I premi, realizzati dal maestro orafo Gerardo Sacco – che ha creato in esclusiva per Le Donne del Vino anche un ciondolo simbolico – sono stati assegnati a tre realtà accomunate da un forte impegno sociale, in cui il cibo diventa strumento di aiuto, crescita e rinascita.

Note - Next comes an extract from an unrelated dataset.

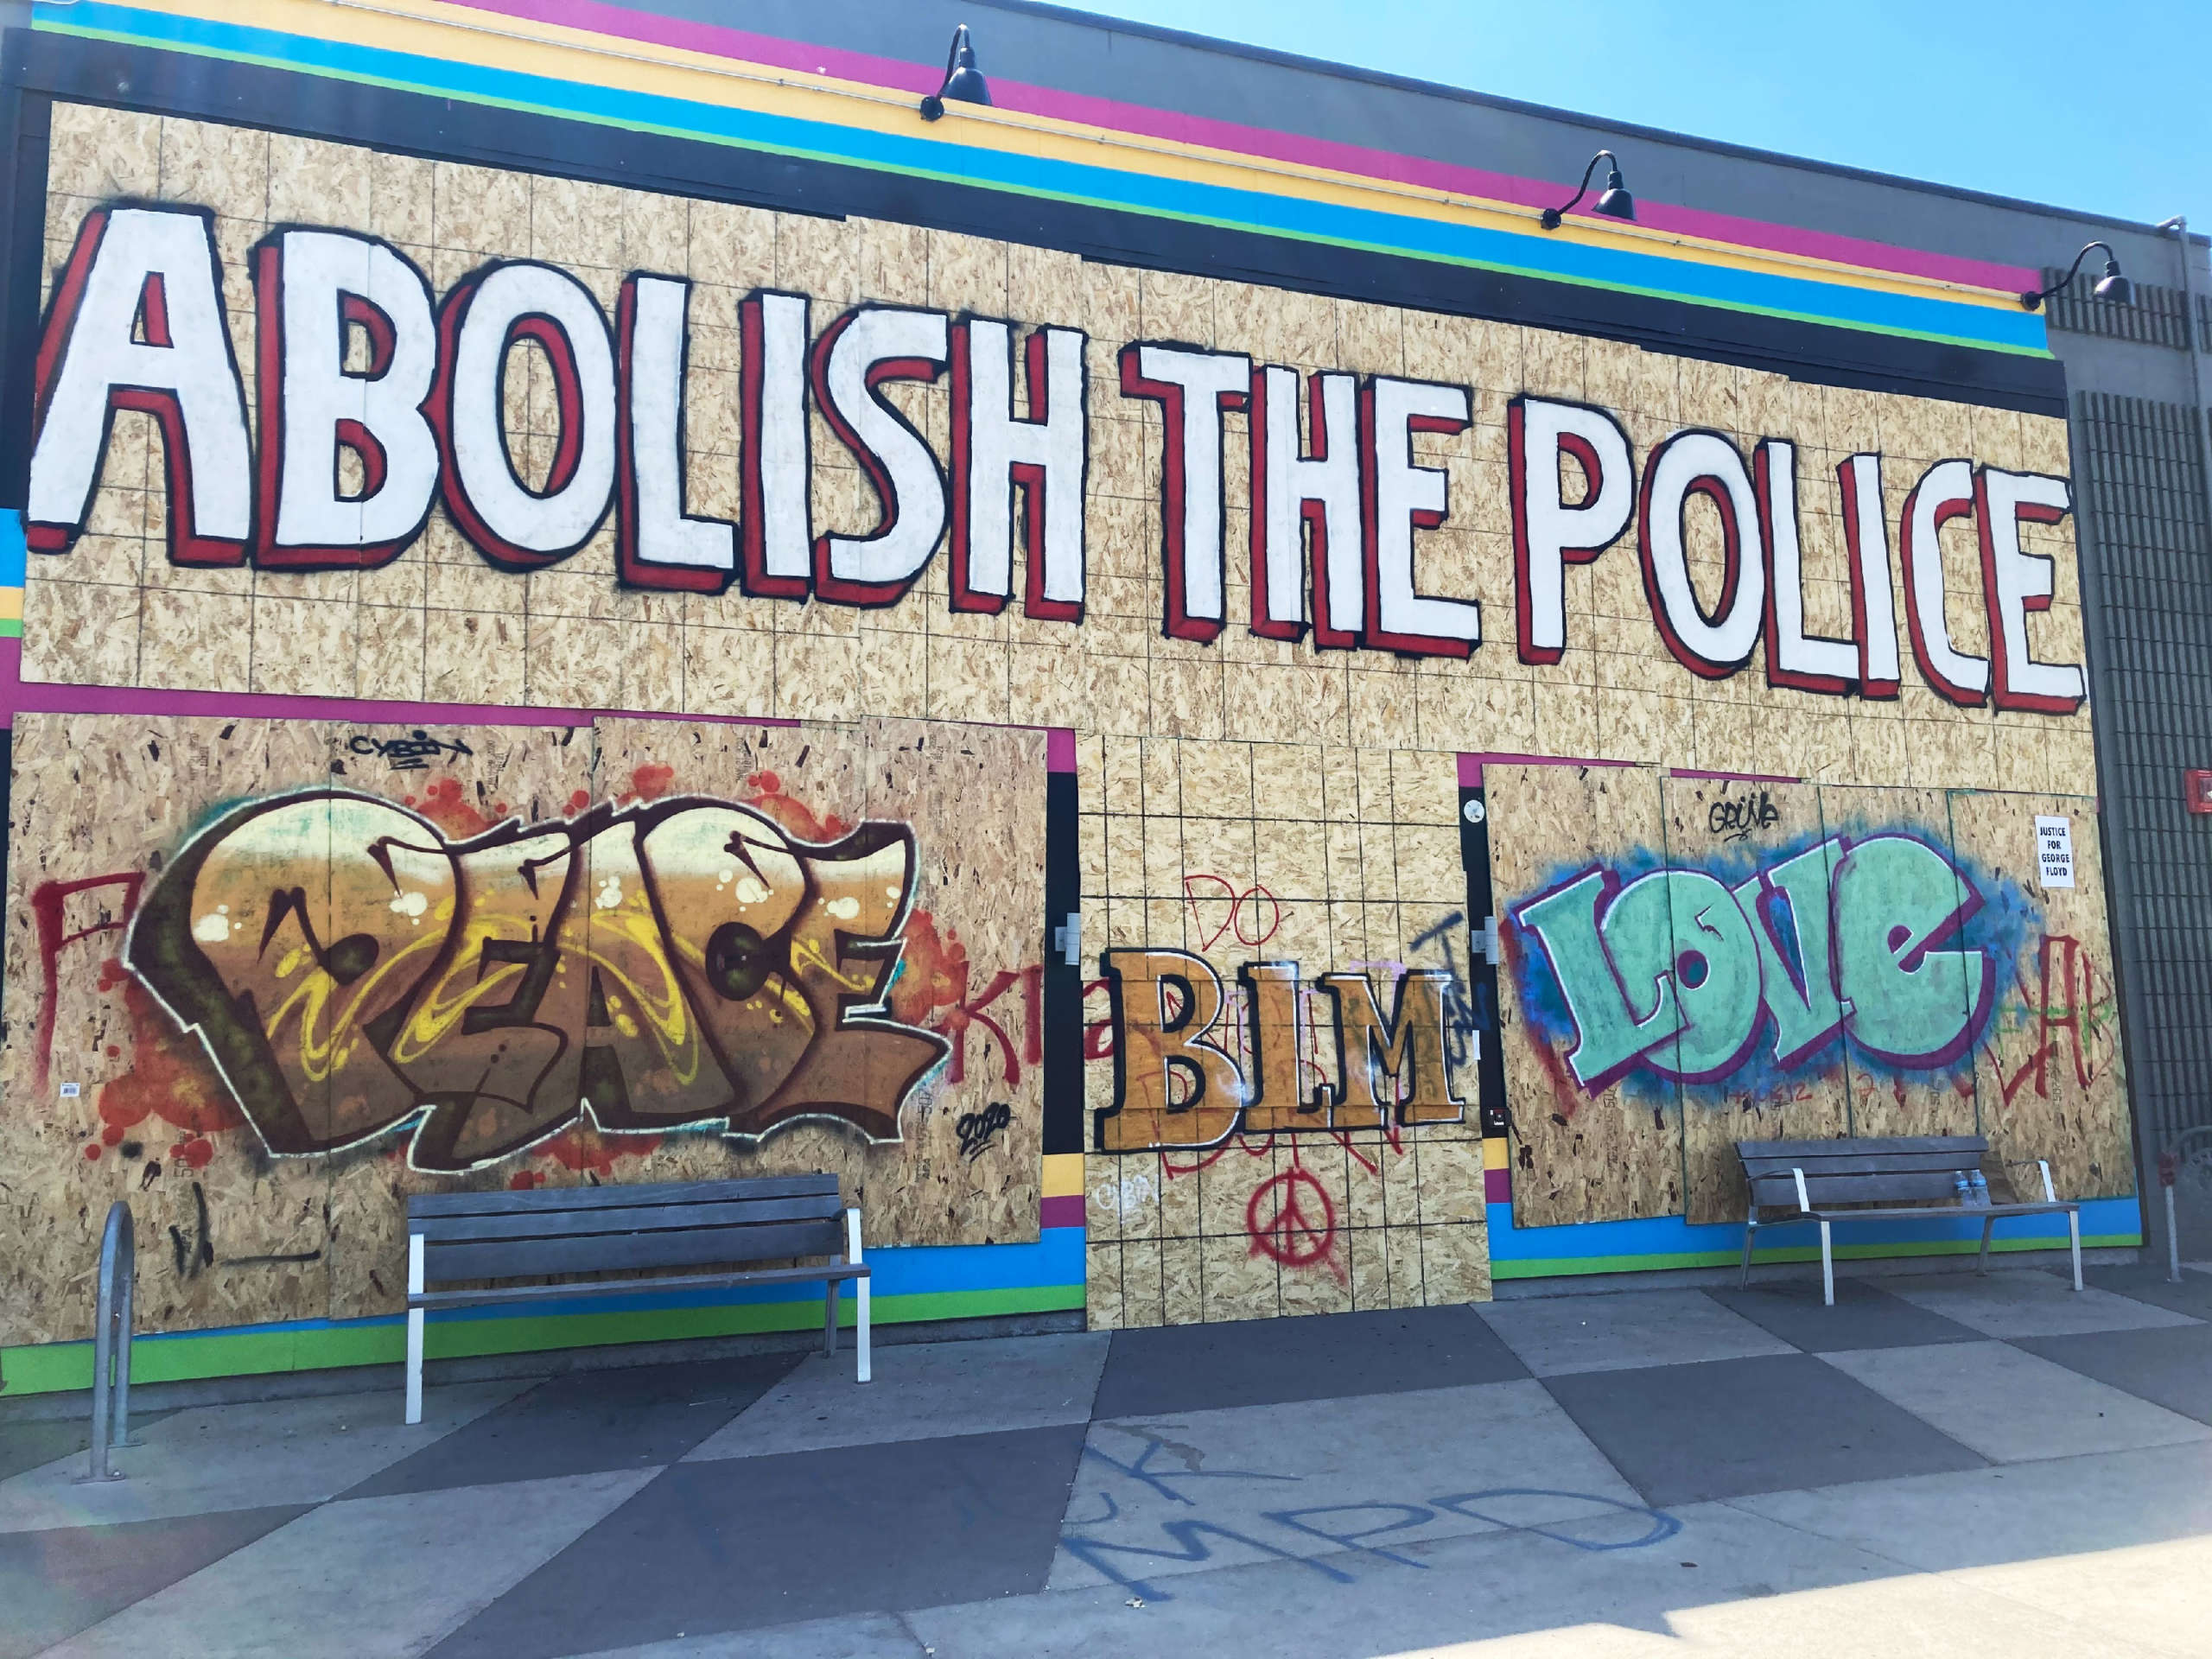 A mural near the police precinct building in south Minneapolis that was overrun and burned by protesters last week. Members of the city council are listening to police abolitionist groups and considering whether to disband the police department and replace officers with a “non-violent” public safety office.
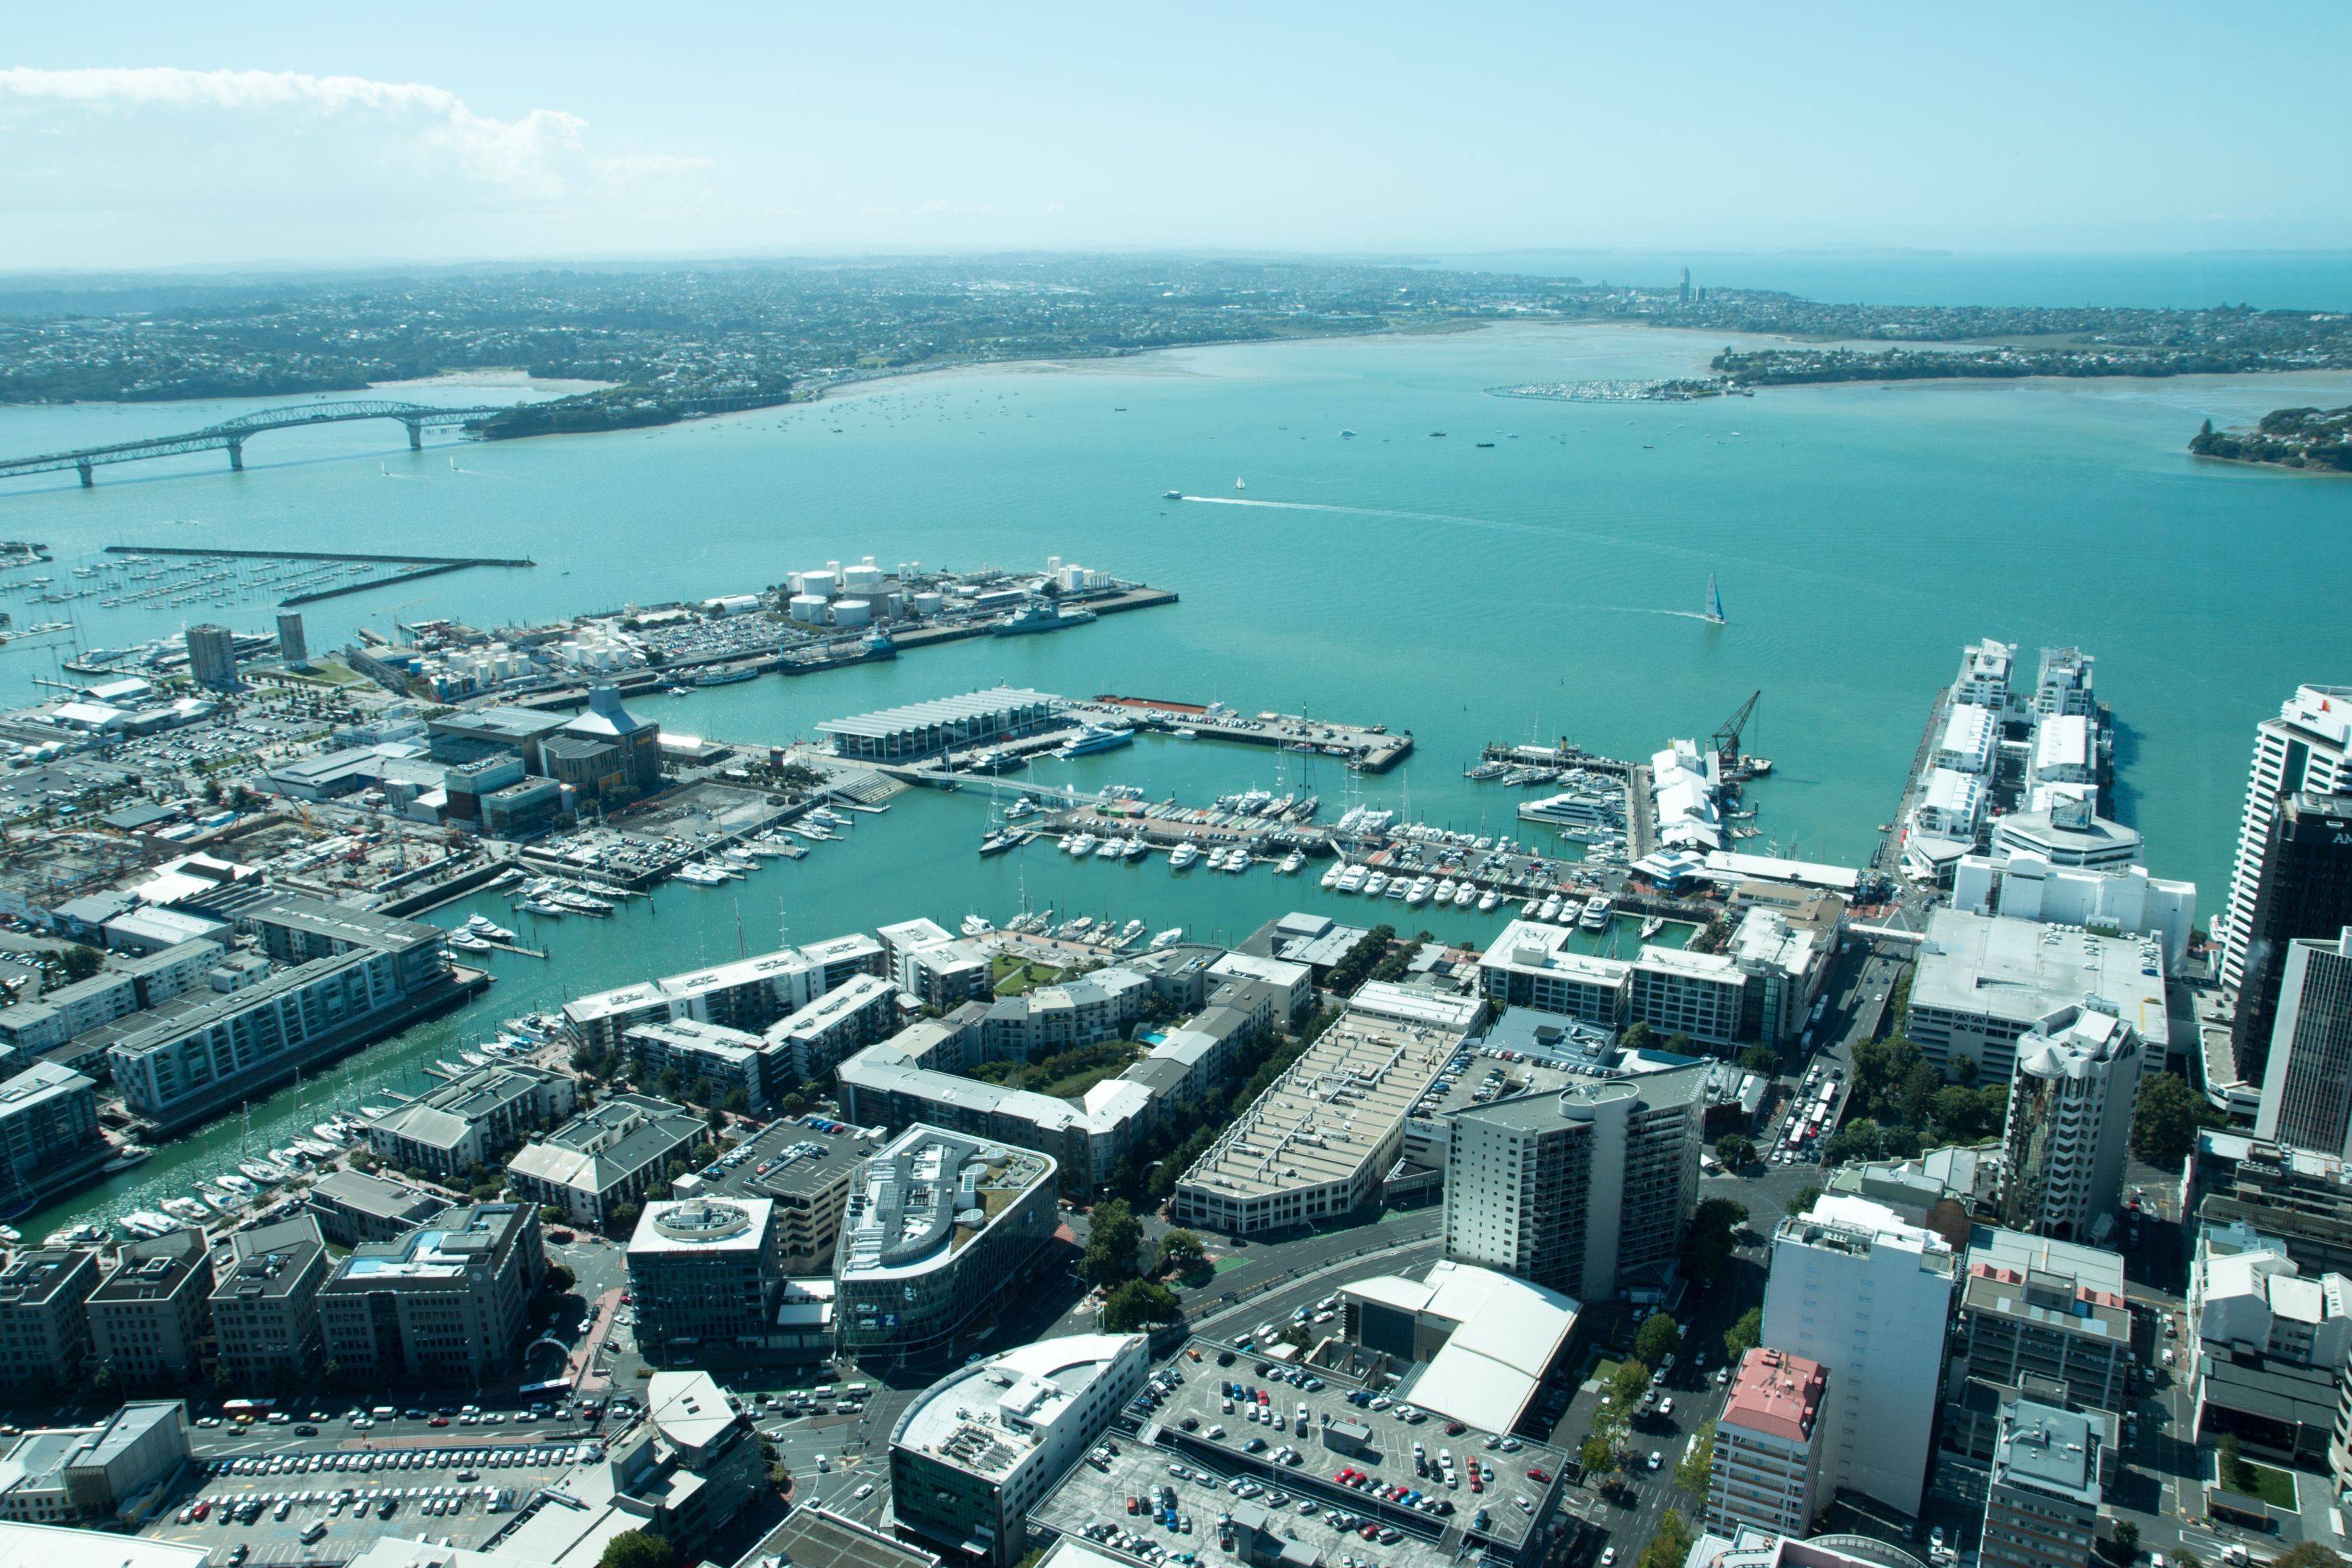 Auckland - "The City of Sails"

A Fondazione Cesvi è stato conferito il riconoscimento “Cibo per la Vita, oltre il confine”, ritirato dal fondatore Maurizio Carrara. Un premio che valorizza il costante e concreto impegno dell’organizzazione nelle emergenze umanitarie e nel sostegno alle donne e alle loro famiglie in contesti di grande fragilità. In scenari di guerra e crisi, dove l’accesso al cibo diventa una questione di sopravvivenza, Cesvi interviene con tempestività garantendo aiuti alimentari e promuovendo sicurezza e dignità per le popolazioni colpite. Attraverso progetti innovativi come “Arance contro la povertà”, contribuisce inoltre a generare autonomia, sviluppo sostenibile e riscatto sociale, trasformando comunità vulnerabili, in linea con la visione del suo fondatore, capace di costruire una realtà presente nel mondo “qualunque cosa accada”.

Il premio “Cibo, economia del rispetto e sostenibilità” è stato assegnato a Slow Food, ritirato da Laura Norese, collaboratrice principale guida Slow wine e coordinatrice Banca del Vino. Il riconoscimento sottolinea l’impegno con cui Slow Food promuove un modello di sviluppo fondato sul rispetto della terra, delle comunità e delle persone che producono il cibo. Attraverso la sua azione culturale e sociale, l’associazione contribuisce a valorizzare il ruolo delle donne nella filiera agroalimentare, spesso poco visibile ma essenziale per la tutela della biodiversità, dei saperi locali e delle tradizioni. Un lavoro che rafforza una visione del cibo e dell’agricoltura come espressione concreta di sostenibilità, responsabilità e cura del territorio.

Alle Cuoche Combattenti è andato il premio “Cibo, inclusione e dignità”, ritirato da Roberta Urso, Donna del vino siciliana e consigliere nazionale. Fondata da Nicoletta Cosentino, questa realtà rappresenta un esempio concreto di resilienza e riscatto: attraverso il lavoro e la creatività, donne che hanno vissuto la violenza trasformano la propria esperienza in forza, costruendo percorsi di indipendenza economica e autonomia personale. Un progetto che, anche grazie al cibo, si fa strumento di rinascita e cambiamento sociale, diffondendo un messaggio positivo di autodeterminazione, speranza e dignità.

«Aprire le porte di Villa della Torre alle Donne del Vino è stato per me motivo di grande orgoglio – ha dichiarato Marilisa Allegrini –. Questa serata dimostra come il vino possa essere anche veicolo di valori profondi, di cultura e di impegno verso la società.»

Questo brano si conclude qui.